• _RECORDS FOR THE TASK_:
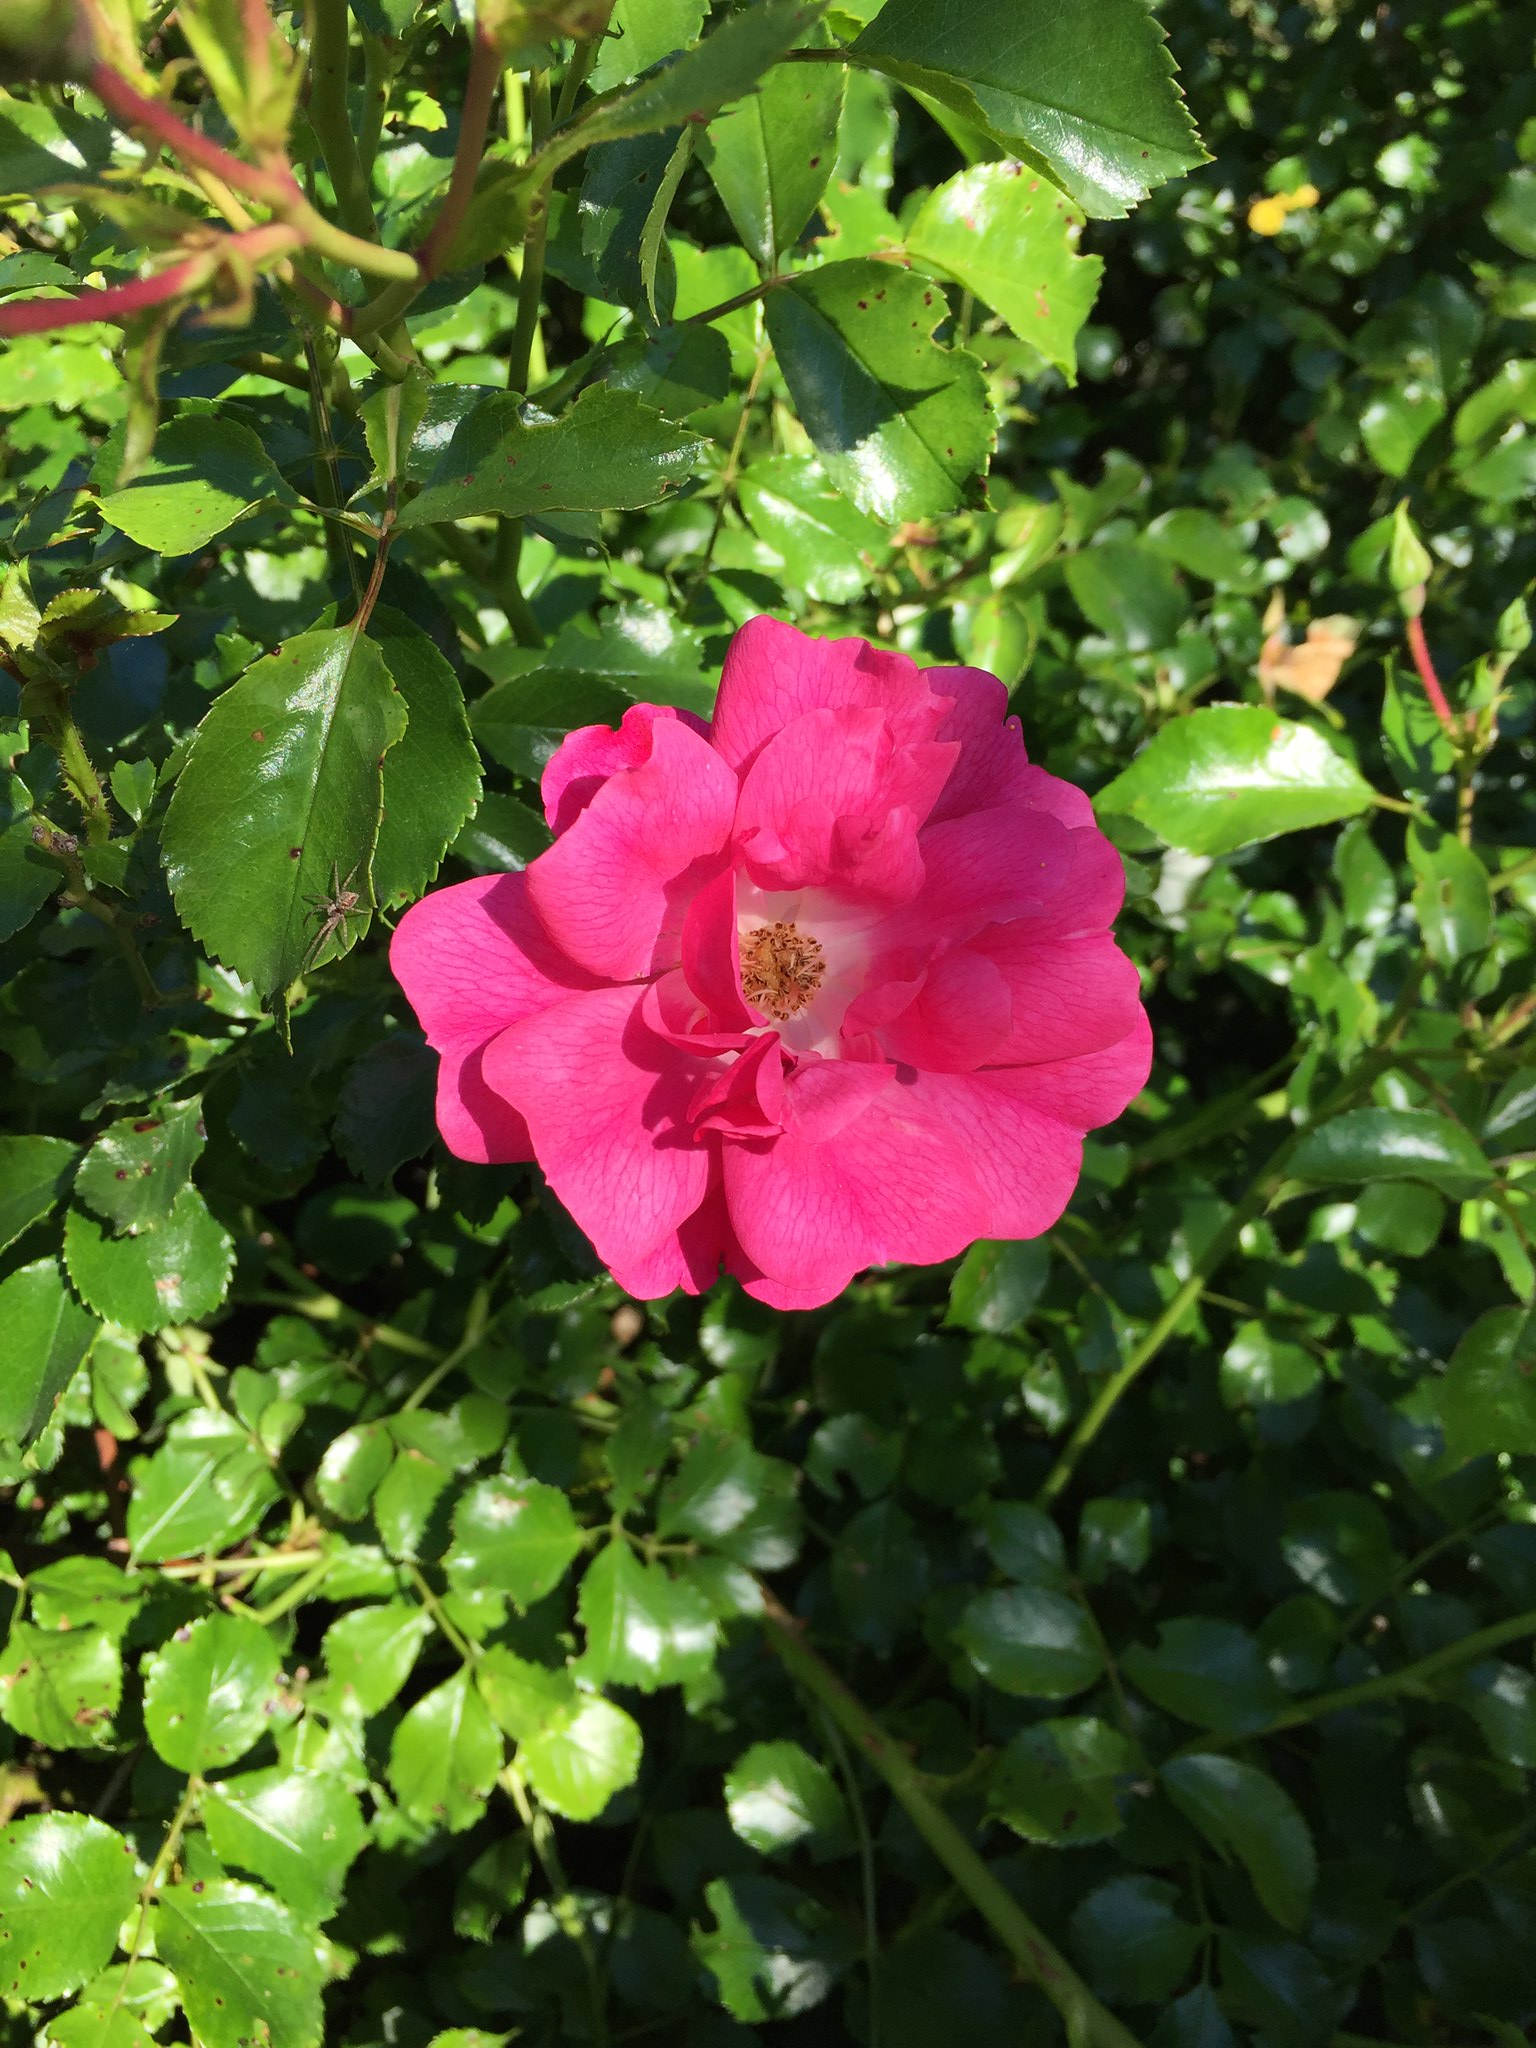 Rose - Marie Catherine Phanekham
...
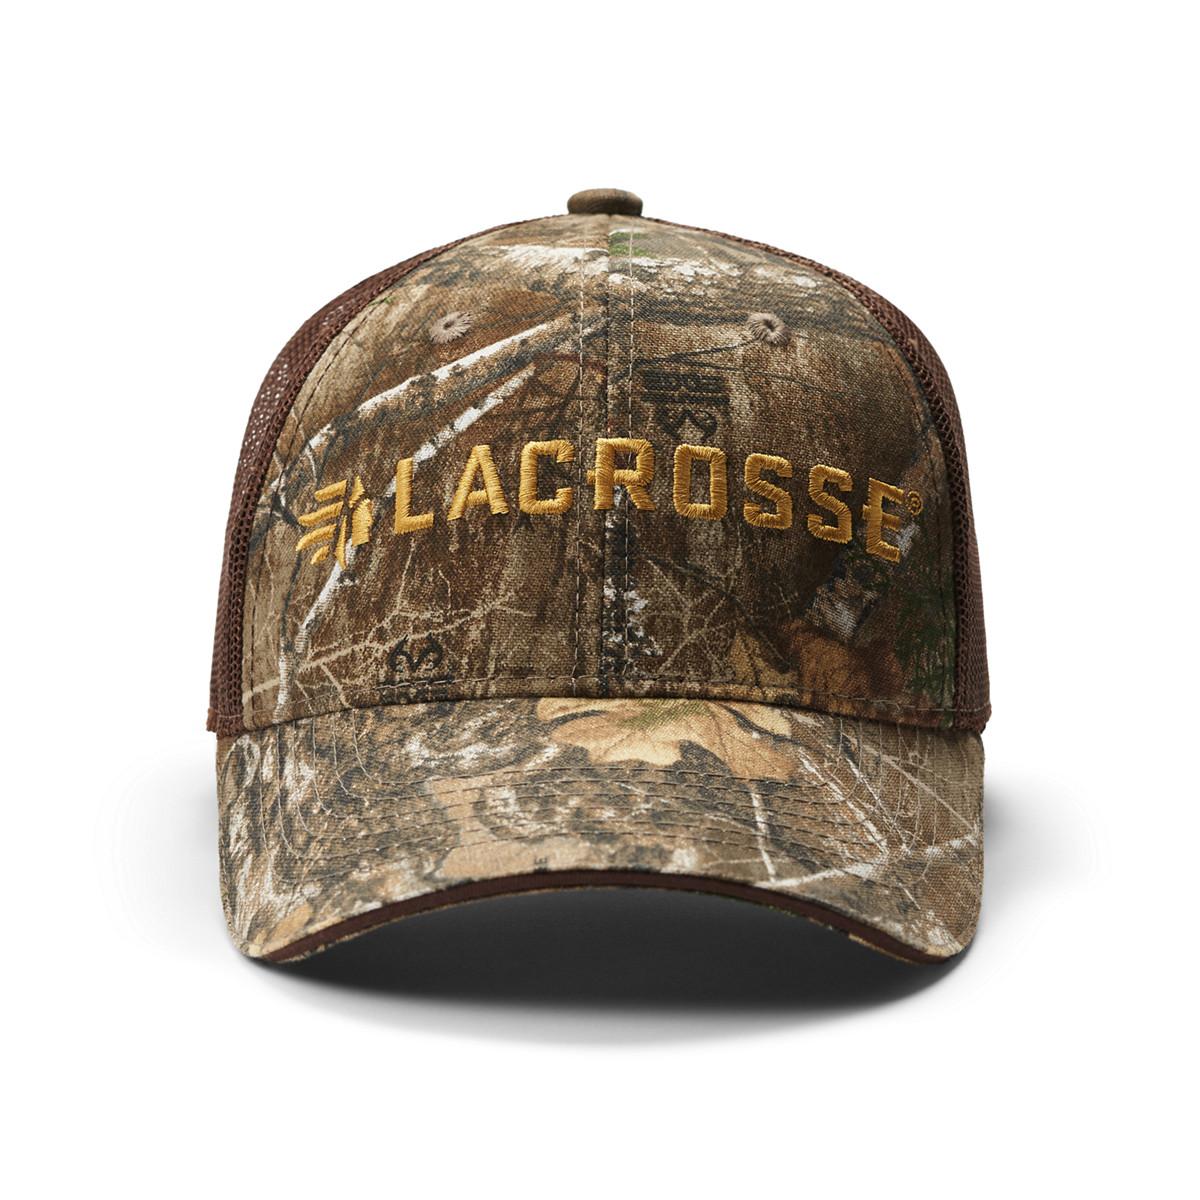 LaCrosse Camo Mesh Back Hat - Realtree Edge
--
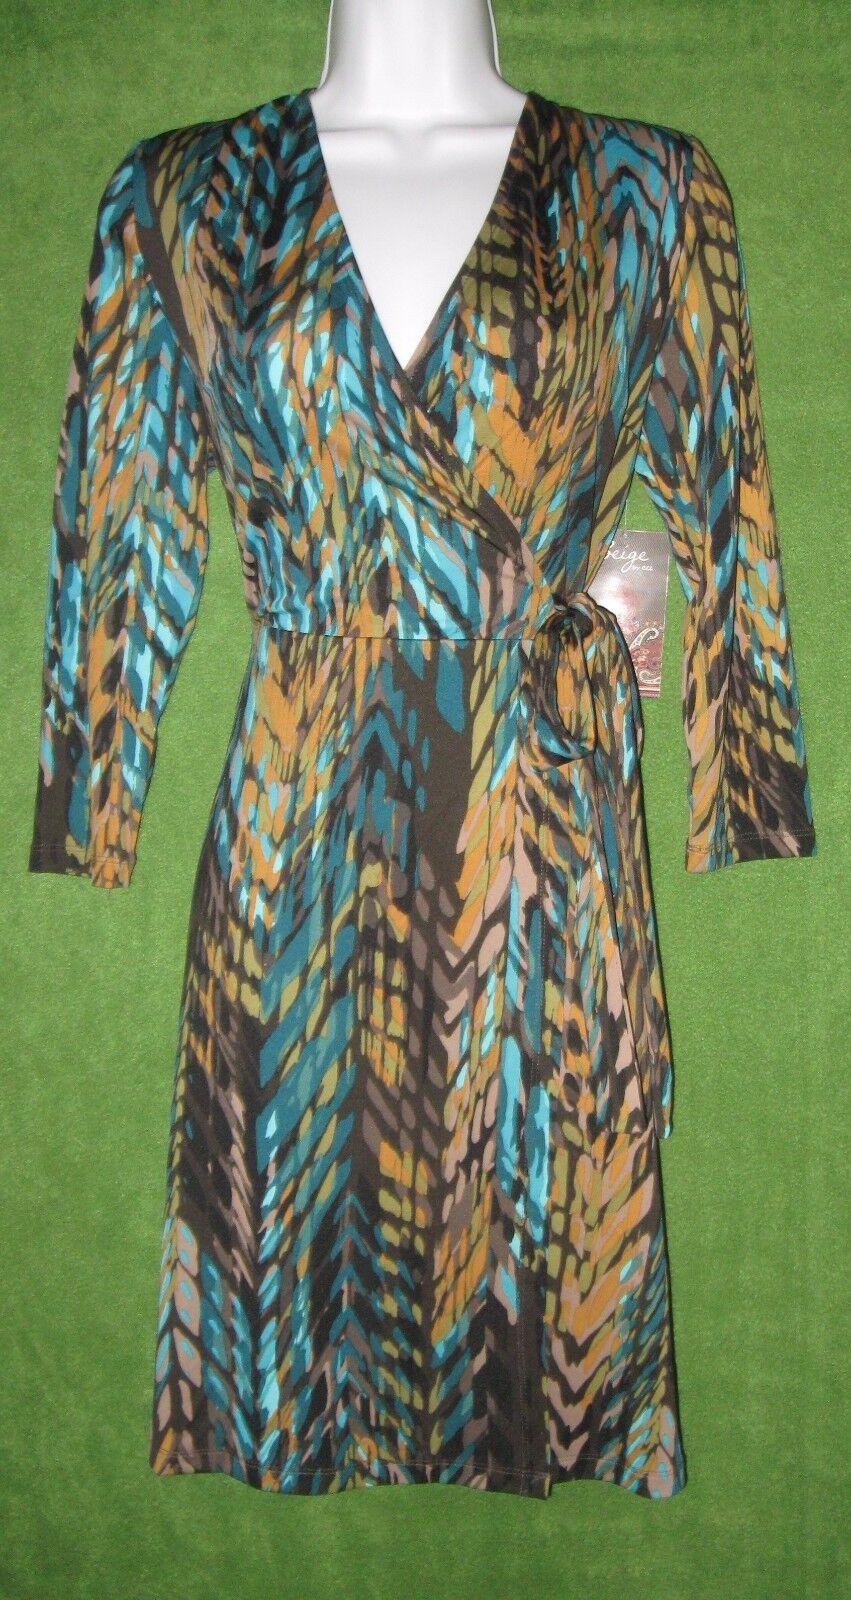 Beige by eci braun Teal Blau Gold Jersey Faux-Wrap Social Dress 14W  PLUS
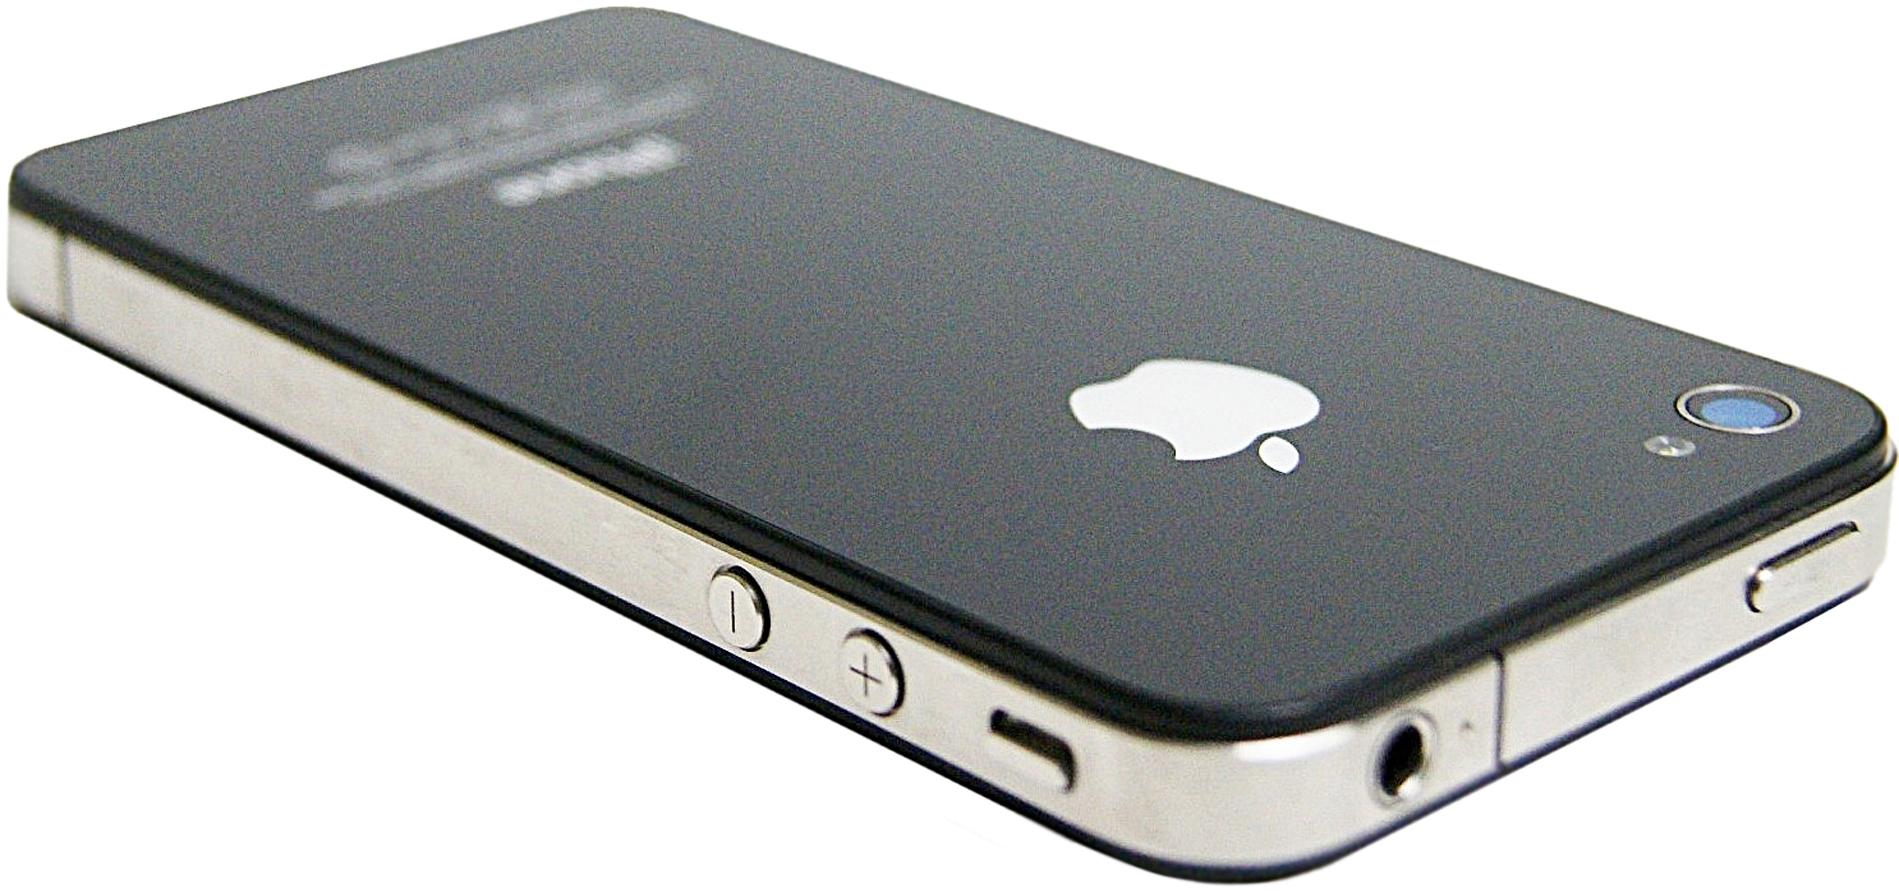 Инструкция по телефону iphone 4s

• _YOUR GOAL_: Repeat exactly the lines above, beginning at the one containing "Beige by eci" and ending at the one containing "Инструкция по телефону iphone 4s". Do not carry over any pictures.

• _RESPONSE TO THIS EXERCISE_:
 Beige by eci braun Teal Blau Gold Jersey Faux-Wrap Social Dress 14W  PLUS
 Инструкция по телефону iphone 4s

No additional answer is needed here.